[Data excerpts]
--- --- ---

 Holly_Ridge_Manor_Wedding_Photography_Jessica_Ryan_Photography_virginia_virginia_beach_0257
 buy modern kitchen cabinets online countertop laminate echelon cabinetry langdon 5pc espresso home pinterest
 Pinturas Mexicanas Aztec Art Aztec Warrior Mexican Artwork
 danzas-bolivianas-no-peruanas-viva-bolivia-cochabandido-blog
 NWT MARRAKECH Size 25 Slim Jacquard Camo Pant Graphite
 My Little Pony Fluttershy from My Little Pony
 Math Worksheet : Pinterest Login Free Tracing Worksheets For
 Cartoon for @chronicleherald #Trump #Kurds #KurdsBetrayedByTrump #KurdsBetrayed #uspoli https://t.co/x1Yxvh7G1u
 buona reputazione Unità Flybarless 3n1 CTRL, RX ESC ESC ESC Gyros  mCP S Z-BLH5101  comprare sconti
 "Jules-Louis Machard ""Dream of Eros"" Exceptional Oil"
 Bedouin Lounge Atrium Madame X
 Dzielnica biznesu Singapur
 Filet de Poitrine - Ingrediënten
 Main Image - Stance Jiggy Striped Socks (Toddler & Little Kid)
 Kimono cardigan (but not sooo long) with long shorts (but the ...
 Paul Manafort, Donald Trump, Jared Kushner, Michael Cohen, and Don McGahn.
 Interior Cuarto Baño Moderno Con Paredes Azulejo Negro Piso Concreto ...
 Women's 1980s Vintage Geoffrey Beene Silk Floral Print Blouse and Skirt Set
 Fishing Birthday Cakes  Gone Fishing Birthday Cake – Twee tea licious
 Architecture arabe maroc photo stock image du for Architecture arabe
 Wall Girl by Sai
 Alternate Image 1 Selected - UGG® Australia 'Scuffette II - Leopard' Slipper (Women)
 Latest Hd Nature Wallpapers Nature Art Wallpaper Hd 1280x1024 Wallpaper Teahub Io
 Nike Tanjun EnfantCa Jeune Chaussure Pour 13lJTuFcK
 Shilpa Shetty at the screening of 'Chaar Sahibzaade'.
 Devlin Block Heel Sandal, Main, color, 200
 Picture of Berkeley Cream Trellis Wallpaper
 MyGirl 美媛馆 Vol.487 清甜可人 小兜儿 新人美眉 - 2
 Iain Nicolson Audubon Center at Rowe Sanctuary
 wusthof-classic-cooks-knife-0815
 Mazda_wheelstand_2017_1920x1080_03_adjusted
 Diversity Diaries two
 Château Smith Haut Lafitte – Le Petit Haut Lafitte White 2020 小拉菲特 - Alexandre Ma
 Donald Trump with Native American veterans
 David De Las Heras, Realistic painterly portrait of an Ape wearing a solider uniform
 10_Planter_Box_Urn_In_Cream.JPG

--- --- ---

Tally the lines above in which the string "Main" occurs, and give the total with nothing added.

Finished exercise – 2